A veces las grietas en el techo del dormitorio de Anna
se transformaban en la cabeza de un
lobo. No siempre era fácil de ver. No
podía verse recién acostados, cuando nuestra madre acababa de apagar las luces y no podíamos ver nada con claridad. No podía verse por la mañana cuando veíamos
todo demasiado bien y la cabeza del lobo era sólo grietas en el techo, al igual que todas las demás. Cuando la veíamos,
era en la mitad de la noche y nos habíamos
despertado de pronto, y la veíamos en especial cuando la luna
era brillante y entraba por nuestra ventana.
Entonces estaba justo encima de nuestra cabeza mientras estábamos recostados y mirábamos hacia arriba.
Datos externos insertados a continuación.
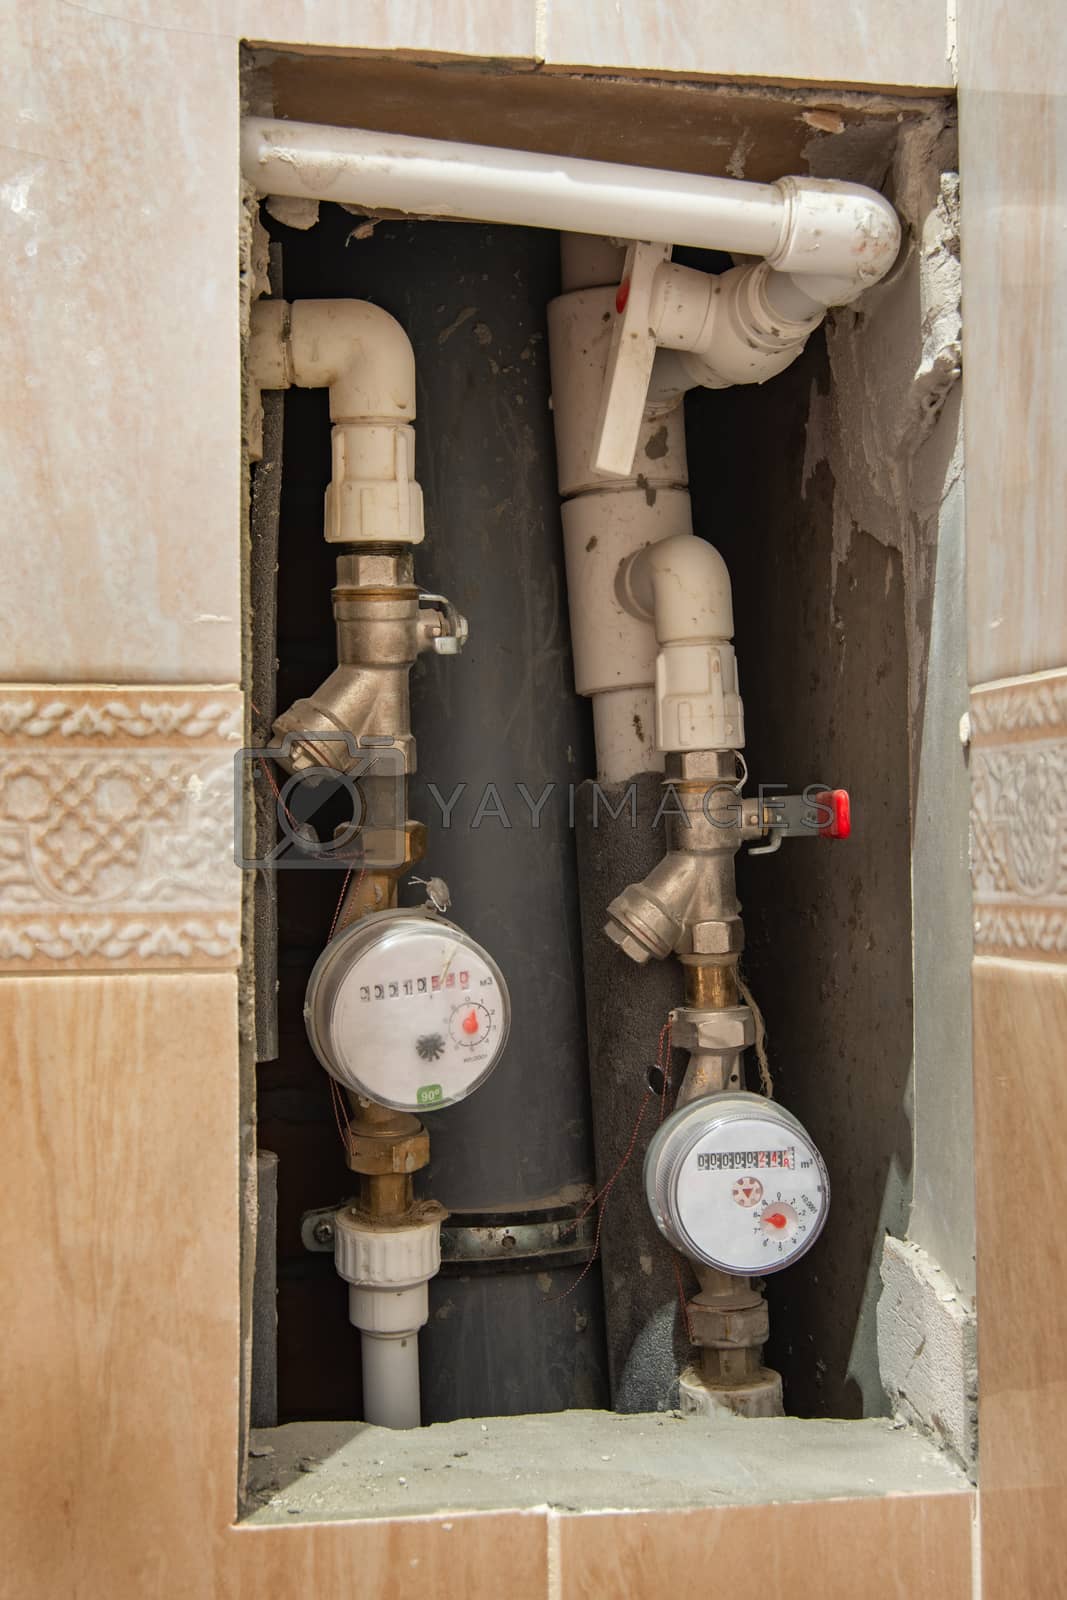 Royalty free image of cold and hot water meters embedded in the wall by Madhourse

Estaba tendida hacia un costado, con la mirada
hacia afuera, de modo que era
imposible ver los ojos, mas se veía el punto
oscuro donde se encontraba la nariz y todos sus dientes triangulares.
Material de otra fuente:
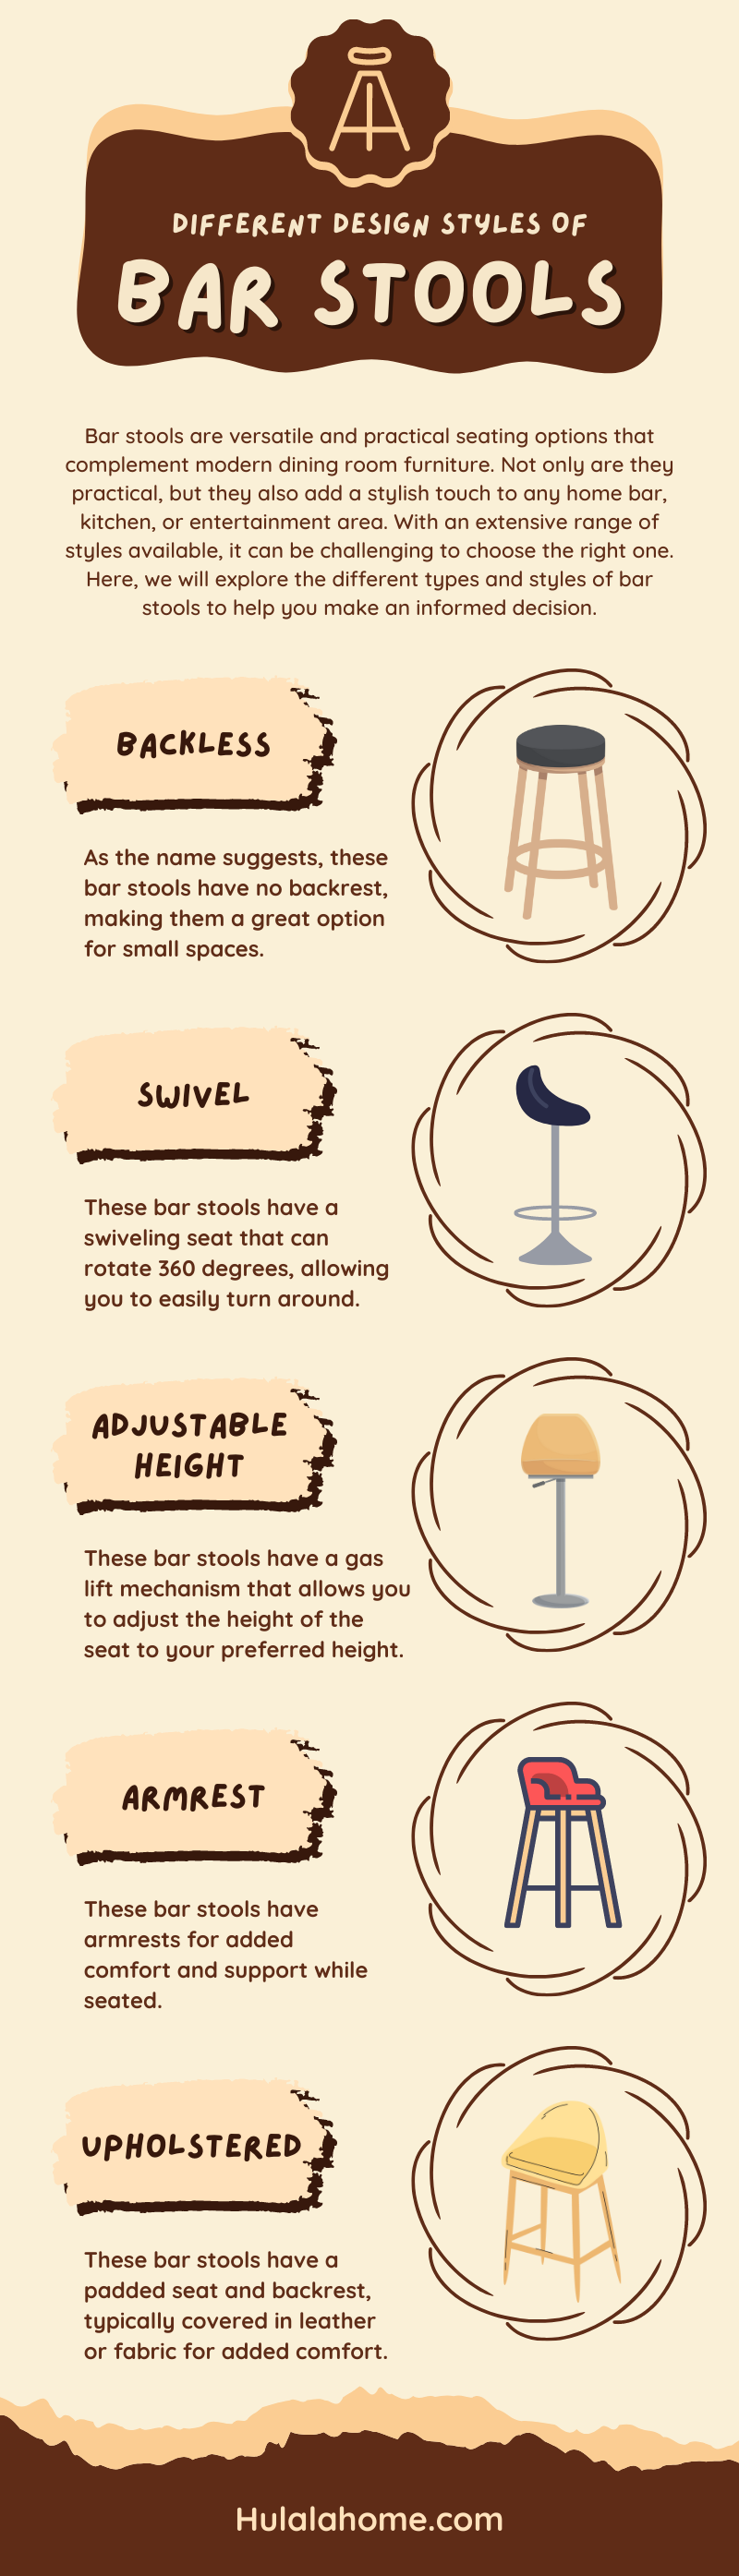 Different Design Styles of Bar Stools

Anna obligó a su madre a correr la cama hacia el otro extremo
del cuarto, lejos de la puerta, hacia la otra pared, a pesar de que su madre pensaba que era tonta. «¿Qué había allí que asustara?», había preguntado la madre de
Anna. Aquellas grietas en el techo que no se parecían a un lobo para la
madre de Anna, dijera lo que dijera Anna. De
todas formas, ya era demasiado tarde.
Por entonces el lobo había encontrado el
camino hacia el dormitorio de Anna en medio de la noche, en medio de sus
sueños, y en especial en aquellas noches en que
la luz de la luna era clara y brillante. Por entonces, el lobo había encontrado su camino hacia Anna y venía cada vez que quería.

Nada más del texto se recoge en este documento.